━━ SUPPLIED RECORDS ━━
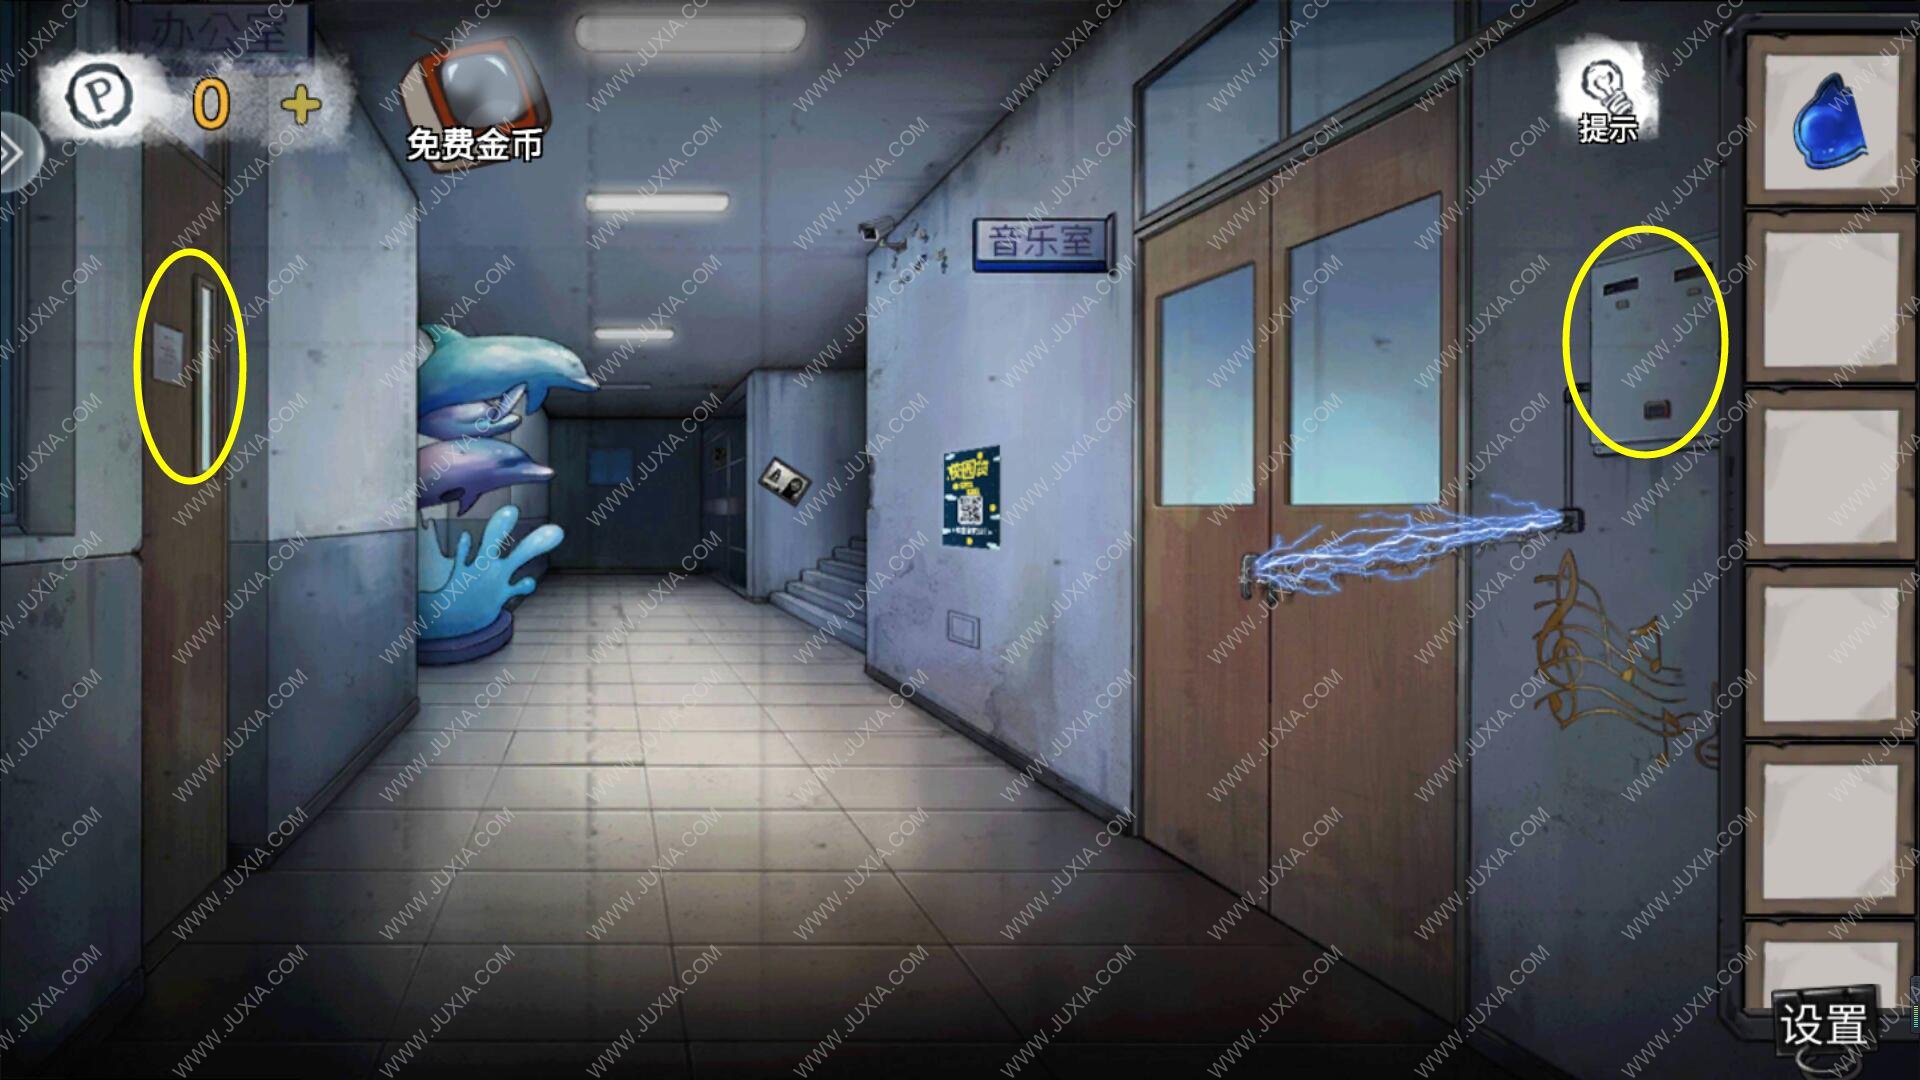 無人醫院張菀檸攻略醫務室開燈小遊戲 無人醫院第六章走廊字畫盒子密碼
━━━
━━ SUPPLIED RECORDS ━━
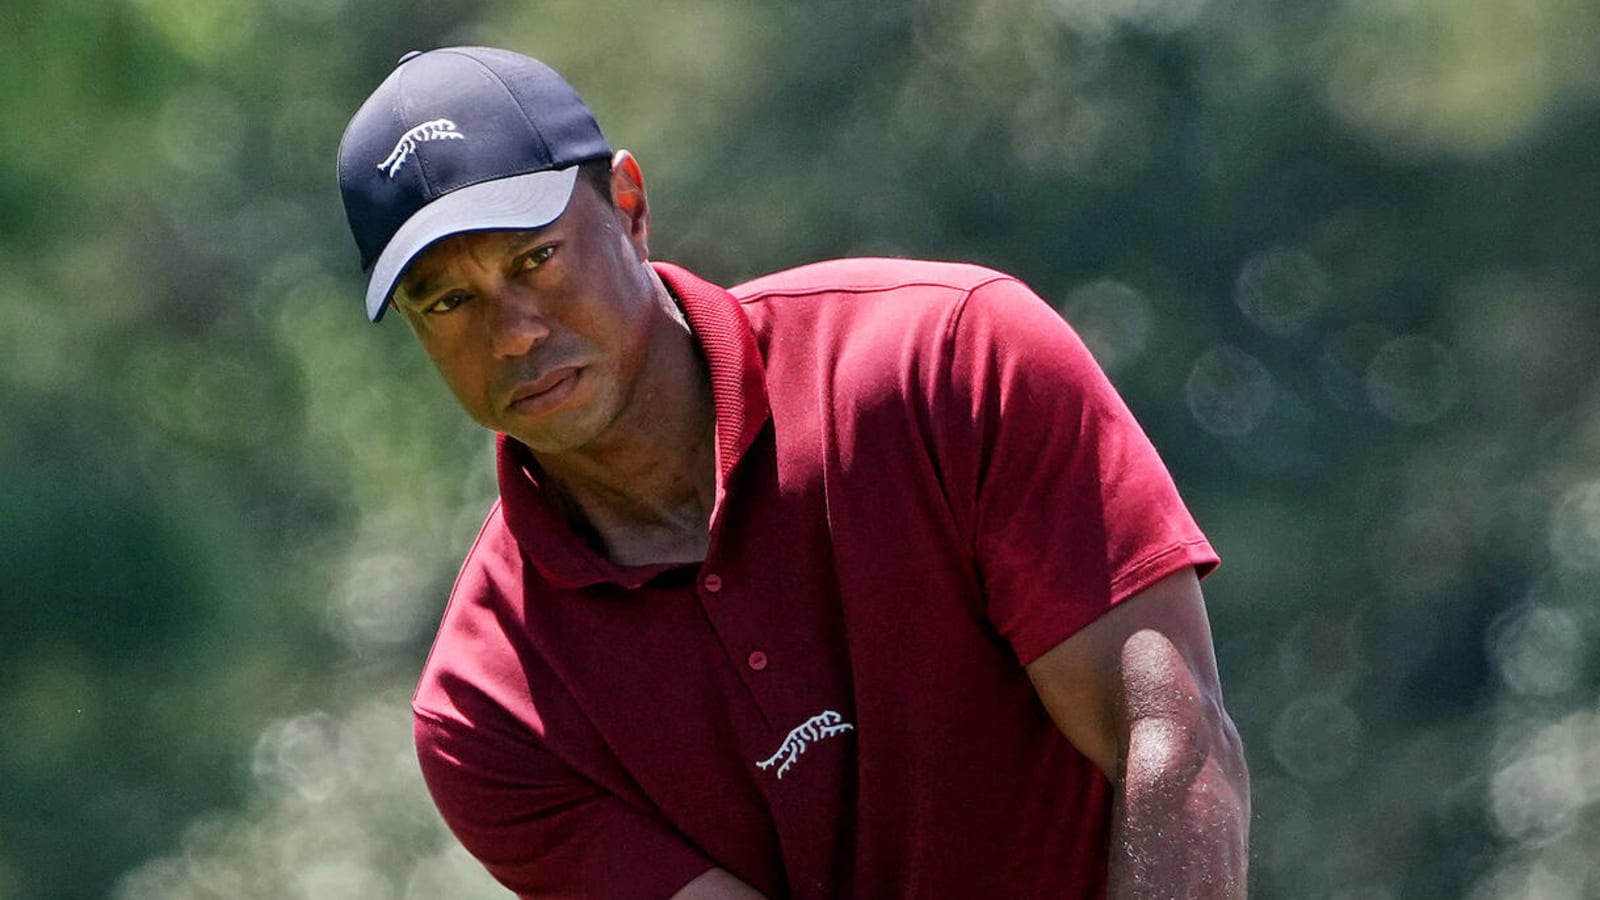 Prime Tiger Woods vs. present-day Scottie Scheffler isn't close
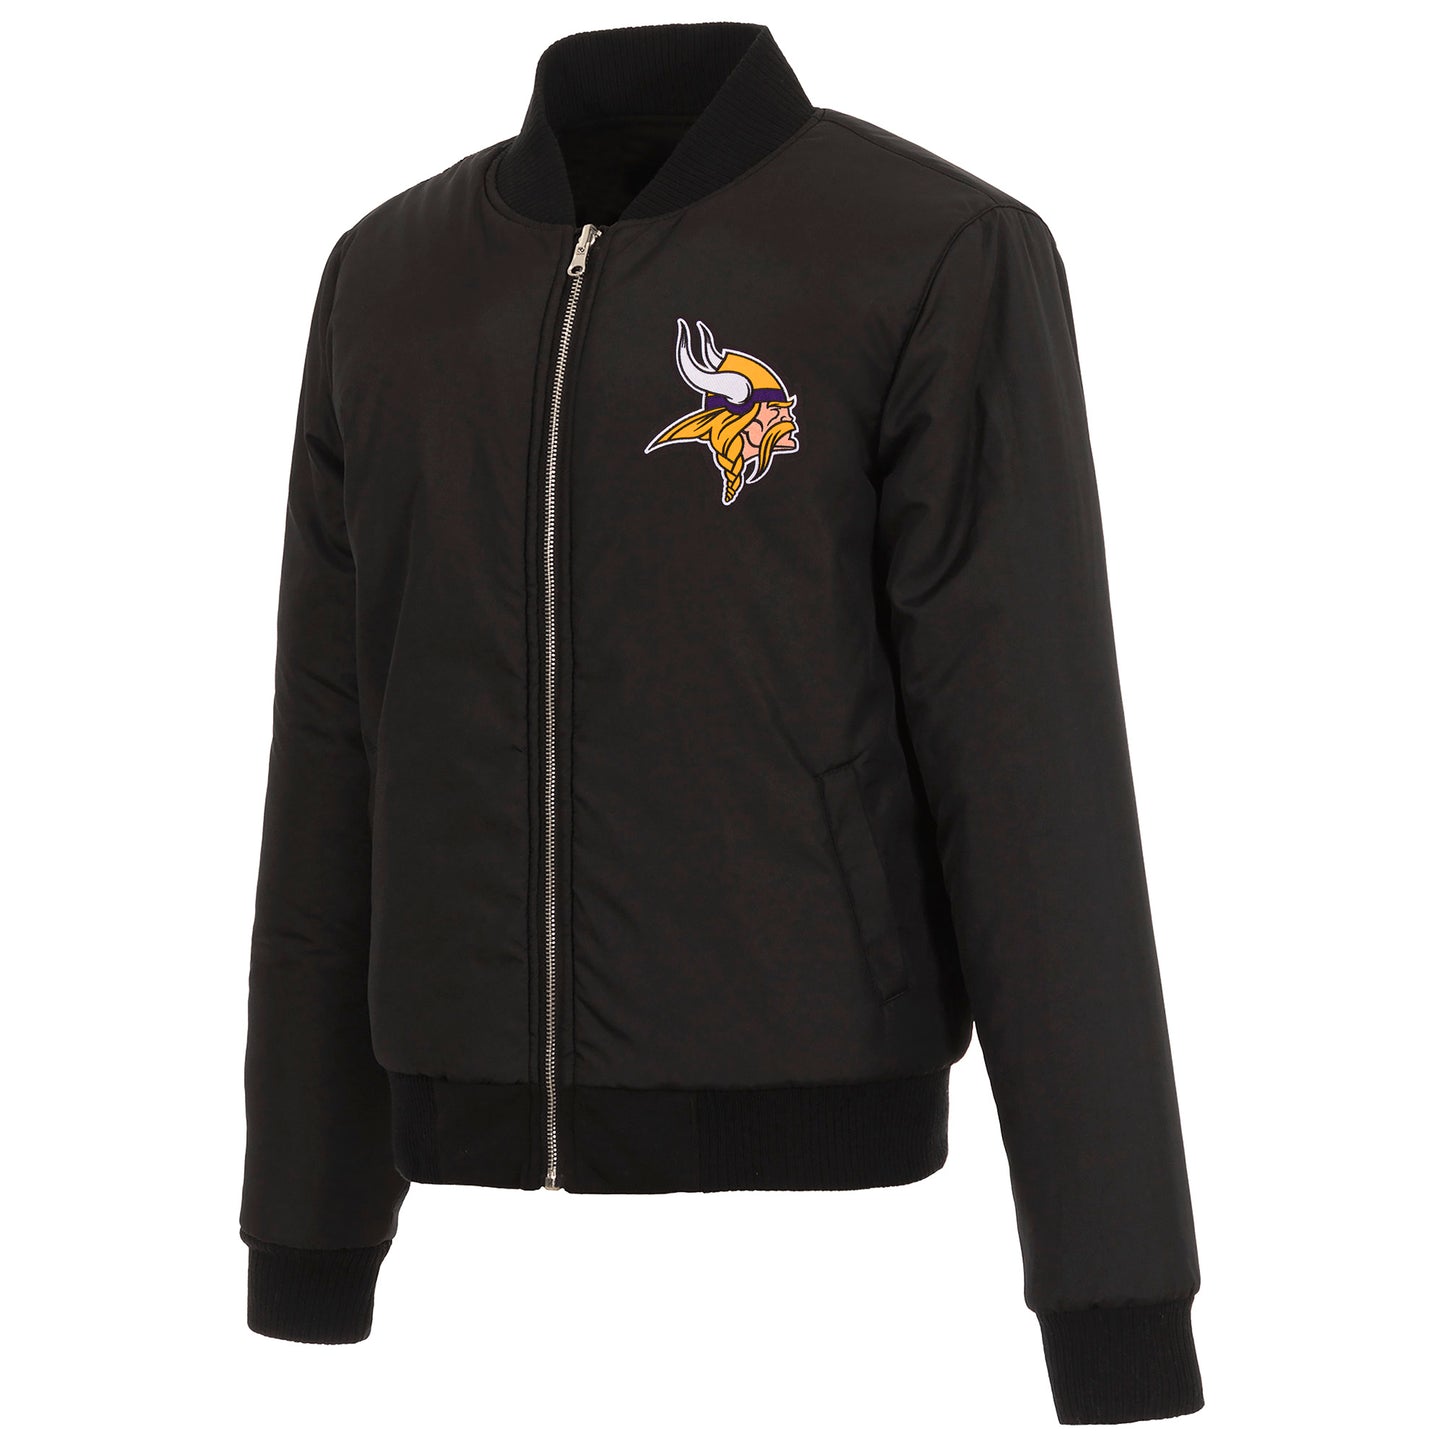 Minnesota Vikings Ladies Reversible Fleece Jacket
━━━
TASK TO CARRY OUT
Above are some entries. Restate word for word the lines from the one holding "Prime Tiger Woods" through the one holding "Minnesota Vikings Ladies", but not the pictures.

RESULT
 Prime Tiger Woods vs. present-day Scottie Scheffler isn't close
 Minnesota Vikings Ladies Reversible Fleece Jacket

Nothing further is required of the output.